Transmitter Synchronization
The ProSe enabled UE regularly searches for LTE cells (according to LTE mobility procedures) and for D2DSS/PD2DSCH transmitted by SS UEs;
If any suitable cell is found, the UE camps on it and follows the cell synchronization for D2D signals transmission, the NW may configure the UE to transmit D2DSS/PD2DSCH following the cell synchronization.
If no suitable cell is found, the UE verifies if any of the incoming D2DSS/PD2DSCH may be relayed further (i.e., the max hop count has not been reached), then (a) if an incoming D2DSS/PD2DSCH that may be relayed further is found, the UE adapts its transmitter synchronization to it and transmits D2DSS/PD2DSCH accordingly; or (b) if an incoming D2DSS/PD2DSCH that may be relayed further is NOT found, the UE acts as independent synchronization source and transmit D2DSS/PD2DSCH according to any internal synchronization reference.
Further details on the synchronization procedure for D2D can be found in TR 36.843.
A problem in D2D communication system arises when a D2D capable user equipment or transmitting terminal, which is in an RRC idle state, tries to transmit data over a direct link communication to a receiving D2D capable UE. In order to establish a D2D communication the transmitting terminal needs to control transmission timing and to communicate transmission timing information to the receiving UE. This allows a base station to receive all incoming signals, such as D2D transmission data as well as data transmitted on the LTE/WAN Uplink well inside its receiving FFT window preventing ICI (Inter Carrier Interference). In communications with the eNodeB on the uplink channel, transmission timing is determined at the UE based on a timing command or Timing Advance (TA) command received from the eNB.
However, in the case that the transmitting UE is in an RRC idle mode, the latter does not receive from the network or from the eNodeB any timing advance command. Consequently, the D2D transmitting UE may control the transmission timing for transmitting data to the receiving UE by using a direct link transmission timing value which does not allow the receiving base station or the eNodeB to receive all incoming signals (D2D as well as LTE/WAN Uplink) well inside its receiving FFT window, thereby creating interference with the uplink communication between user equipments in the cell and the eNodeB. Moreover, the eNodeB has no knowledge or control on the in-coverage UEs which are in the RRC idle state. Therefore, since the transmitting UE is in idle mode, it cannot be appropriately power controlled on a per UE basis for transmitting data over the direct link.

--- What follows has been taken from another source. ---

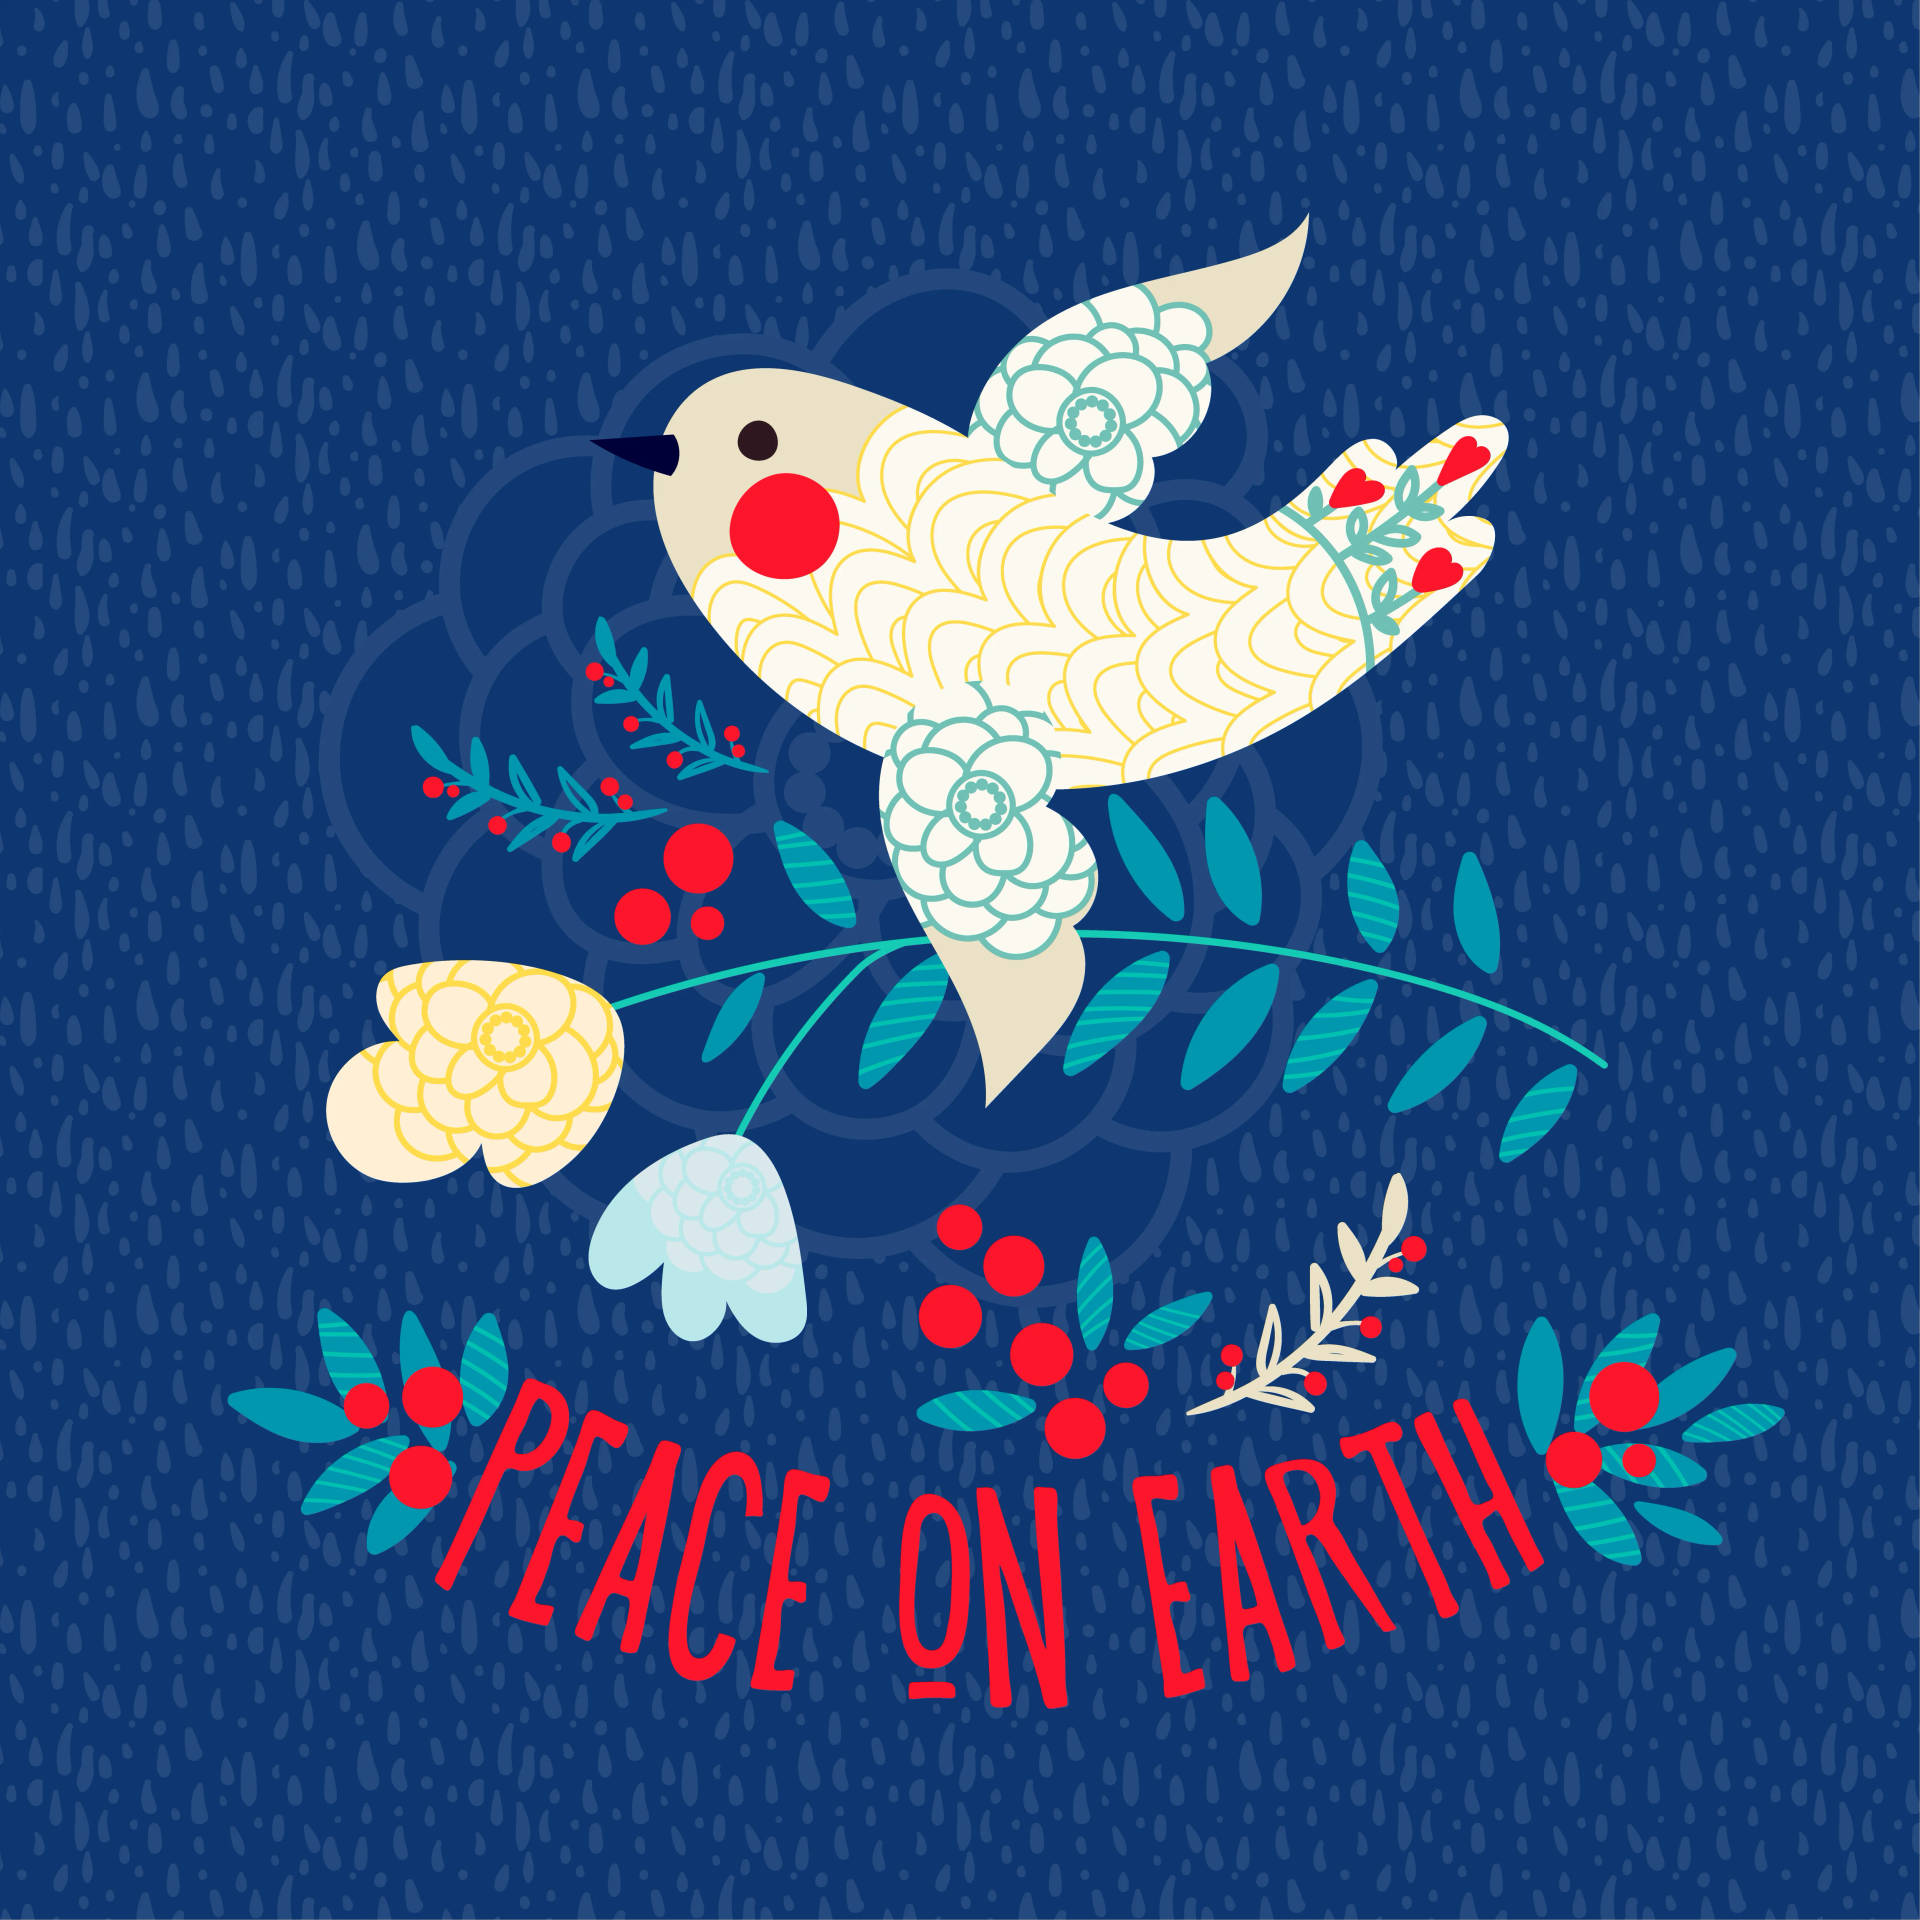 Peace On Earth Art Background

This creates WAN and ICI interference in the reception of data by the eNodeB on the uplink LTE channel. The created interference also negatively affects the decryption performance and causes a decrease in the SNR.

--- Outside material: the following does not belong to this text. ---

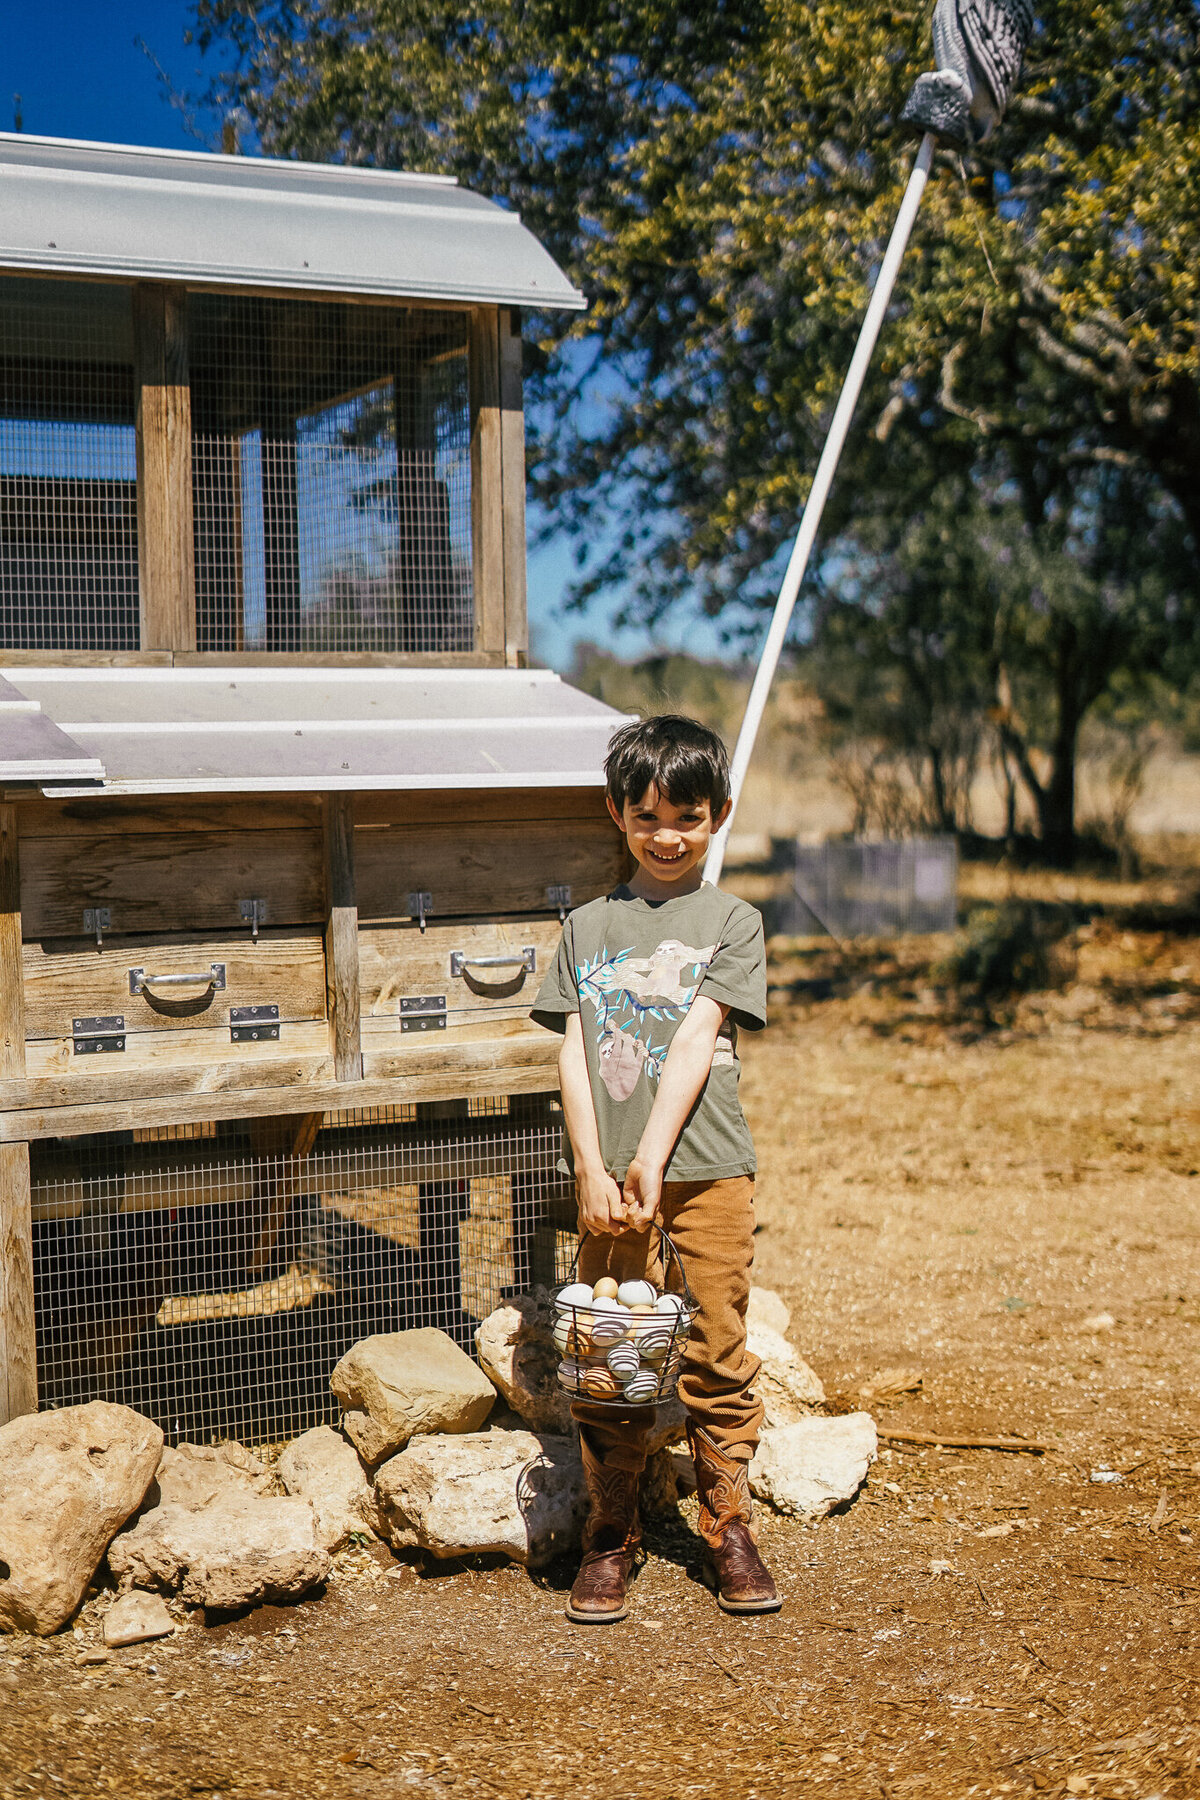 Young boy with a basket of eggs standing next to a chicken coop

A known solution to this problem in order to avoid inter-carrier interference is to implement ICI mitigation techniques in the base station. Such techniques comprise for instance, to implement a guard band between LTE resources and D2D resources. The amount of guard bands will depend on the amount of interference to WAN. This solution, however, implies the use of a large amount of resources in the eNodeB.